Размер шрифта
-
+

Юрий Любимов. Режиссерский метод - стр. 4

А начался он в самый момент появления труппы на сцене. Зритель предвкушал встречу с героями спектакля. Во время создания «Доброго человека из Сезуана» привычно было увидеть в качестве таких героев сценически воплощенных персонажей пьесы. Но вопреки нашему ожиданию появились актеры. И уже действуют, так необычно начав спектакль. Исходный импульс драматического действия и был порожден вот этим напряжением, возникшим из противоречия между зрительским ожиданием и сценической реальностью. Другими словами – между обычной несвободой зрительской инерции и свободой творческого акта. Сразу проявилась и одна из коренных черт новоявленного театра: непосредственное авторство зрителя (а не опосредованное, как обычно), его прямое участие в развитии драматического действия.

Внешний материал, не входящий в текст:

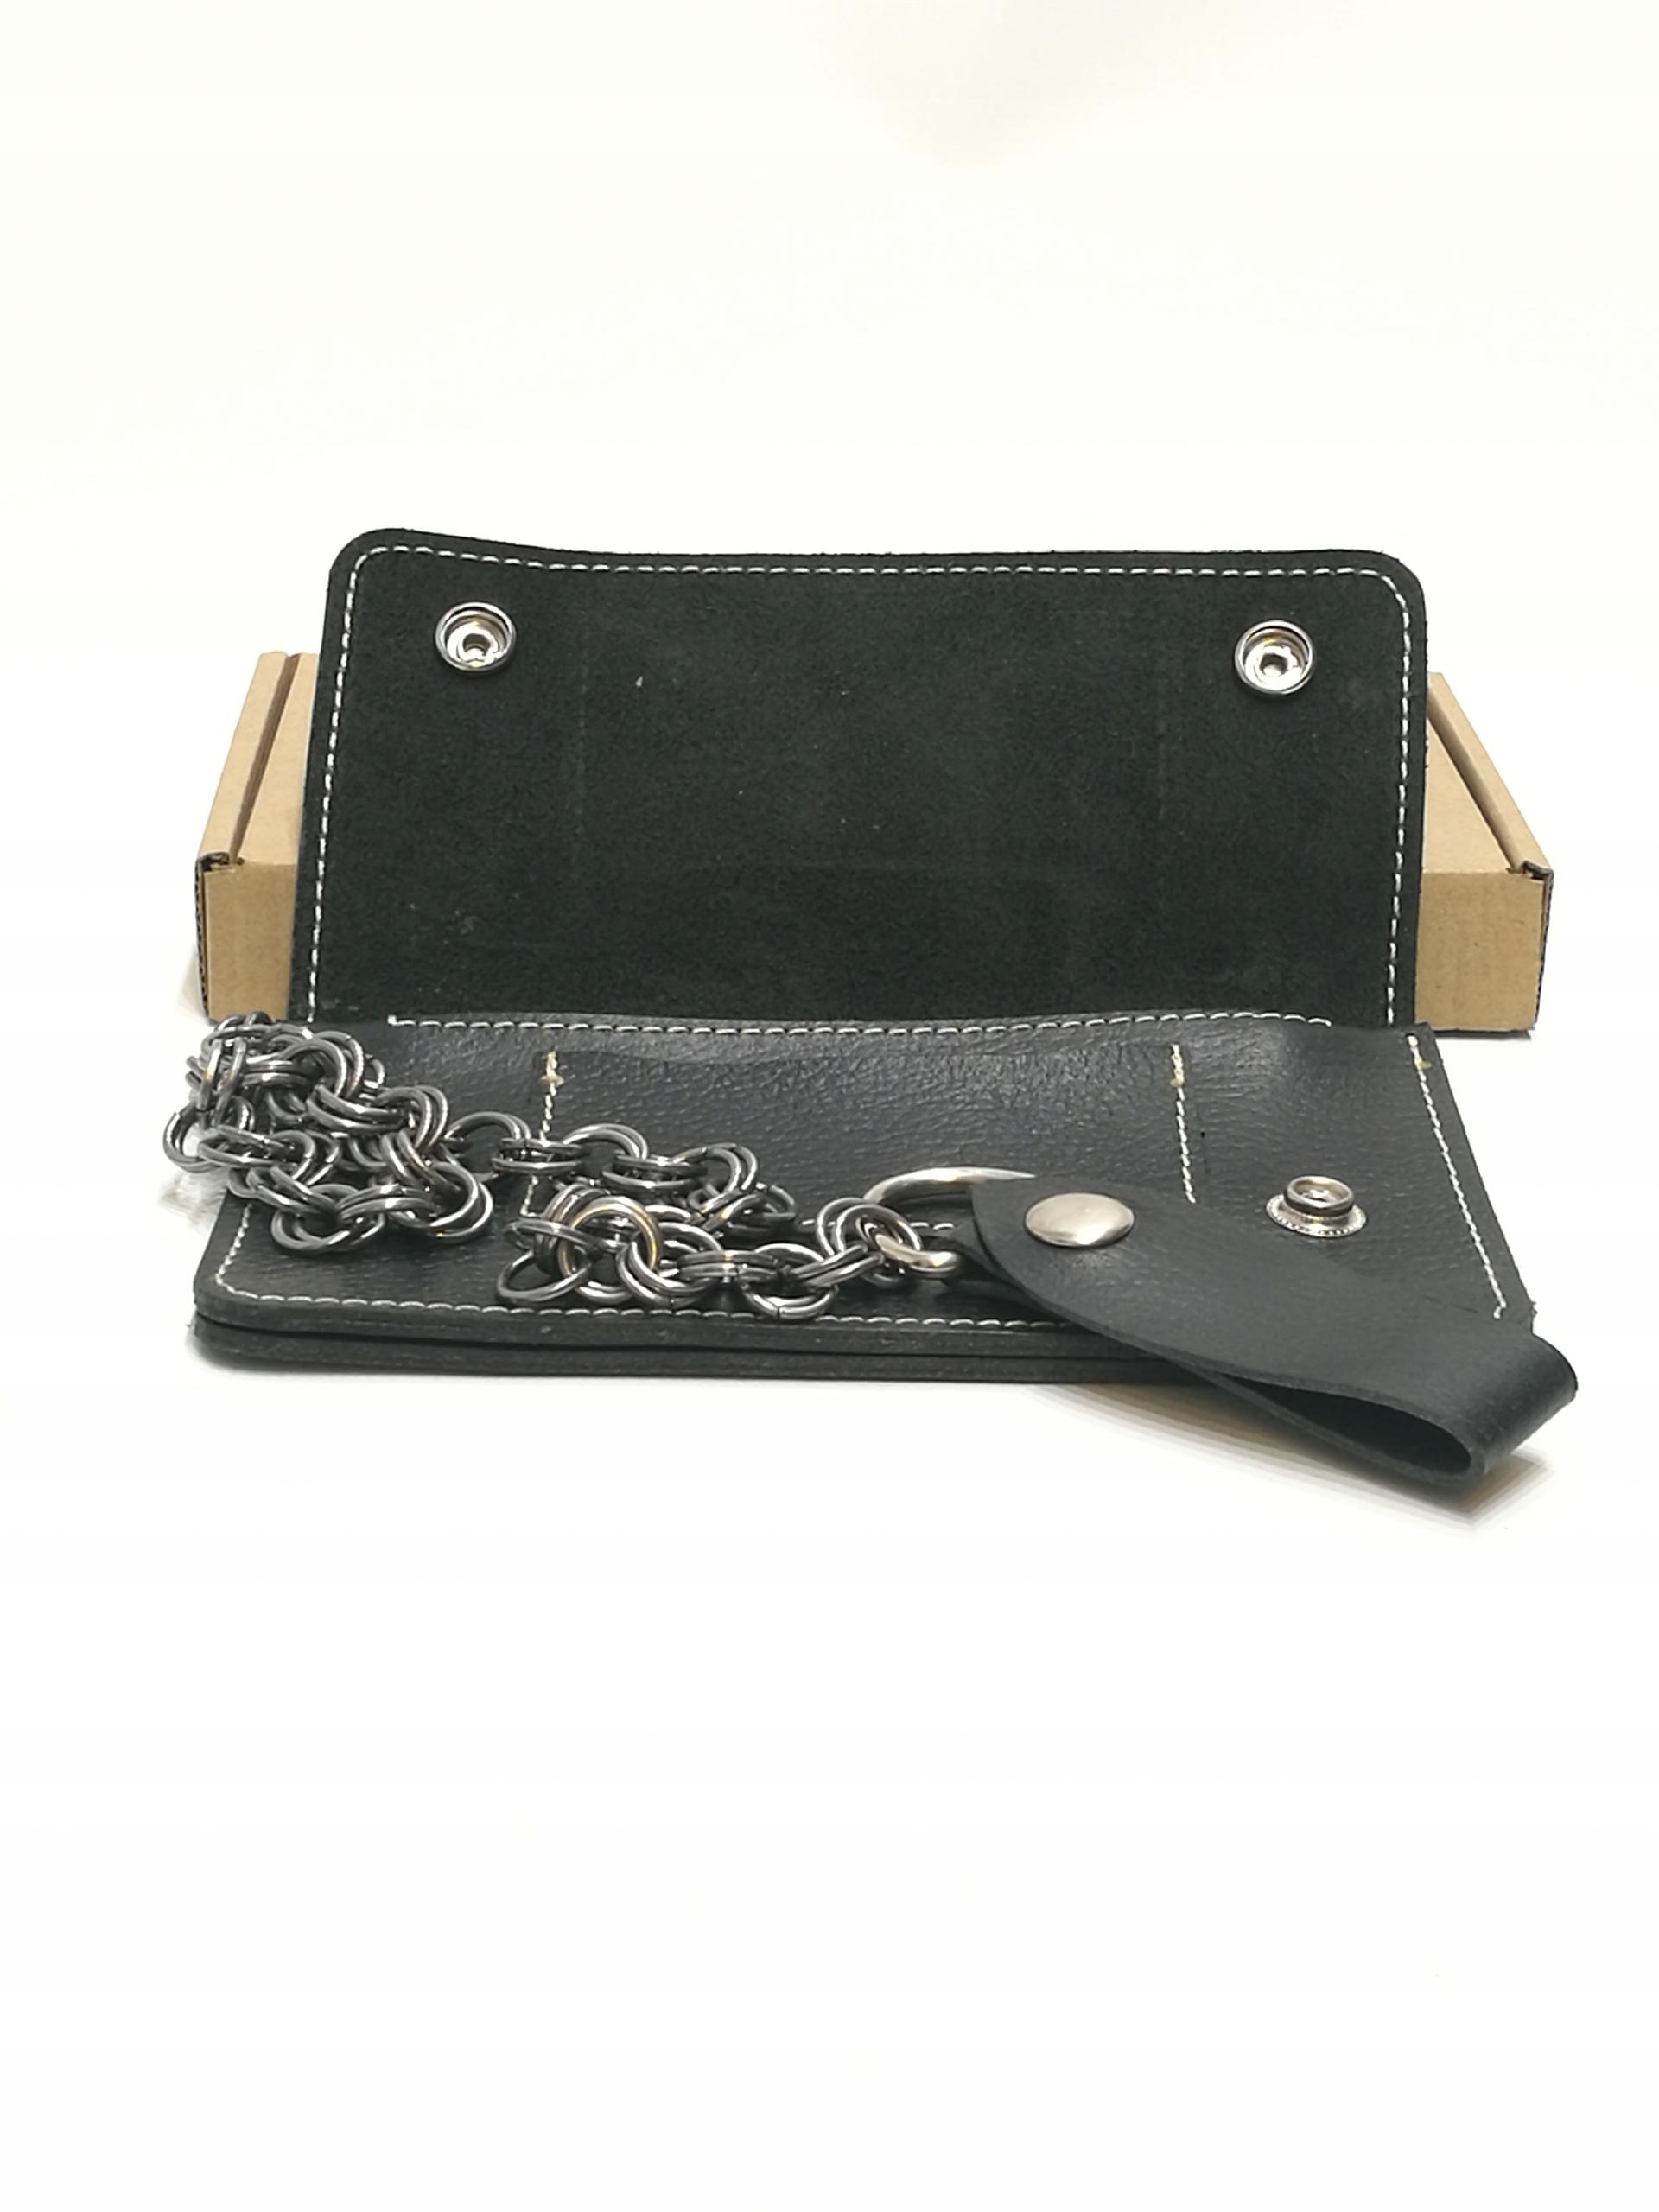 6446e47bc1c1f Skórzany portfel z łańcuchem handmade SQRATORIUM - 7685547700 ...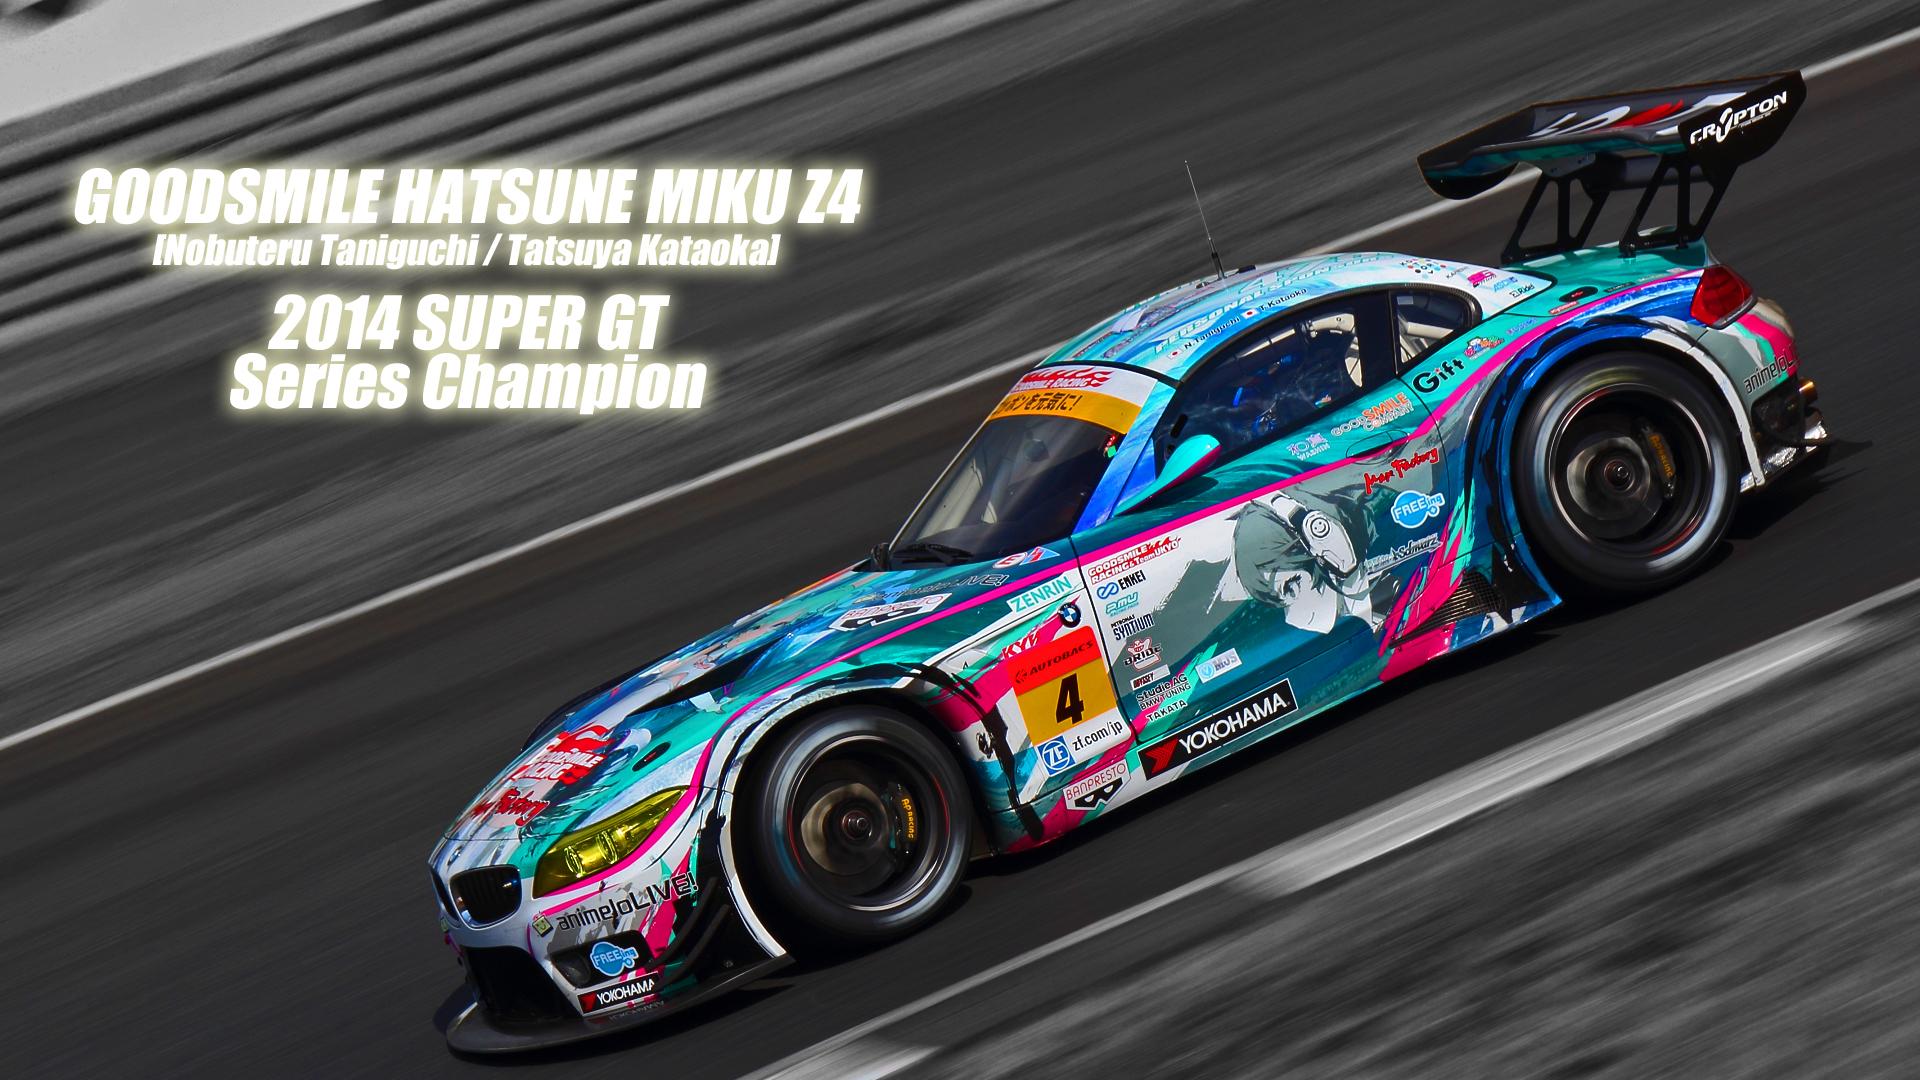 Super Gt 第8戦 Motegi Gt 250km Race:決勝 Challenging Spirit

Изложение «эстетической программы» сразу ввело в ткань спектакля одну из подтем, один из мотивов, который будет развивать спектакль: мотив театра, а может быть, и более широко – искусства.

Знаки условности

Мотив получил развитие и в особенностях средств театрального языка. Спектакль был насыщен танцами, пантомимой, точнее, ее элементами. В рамках драматического представления, каким оставался «Добрый человек из Сезуана», они воспринимались как отчетливый знак условности. Но и лишенная танцевально-пантомимических элементов пластика выглядела сочиненной. «Музыкальность» пластической формы отмечалась В. Гаевским в игре З. Славиной. Однако строгая, с отчетливо выявленным ритмом, организация партитуры спектакля наделяла таким качеством игру всех актеров.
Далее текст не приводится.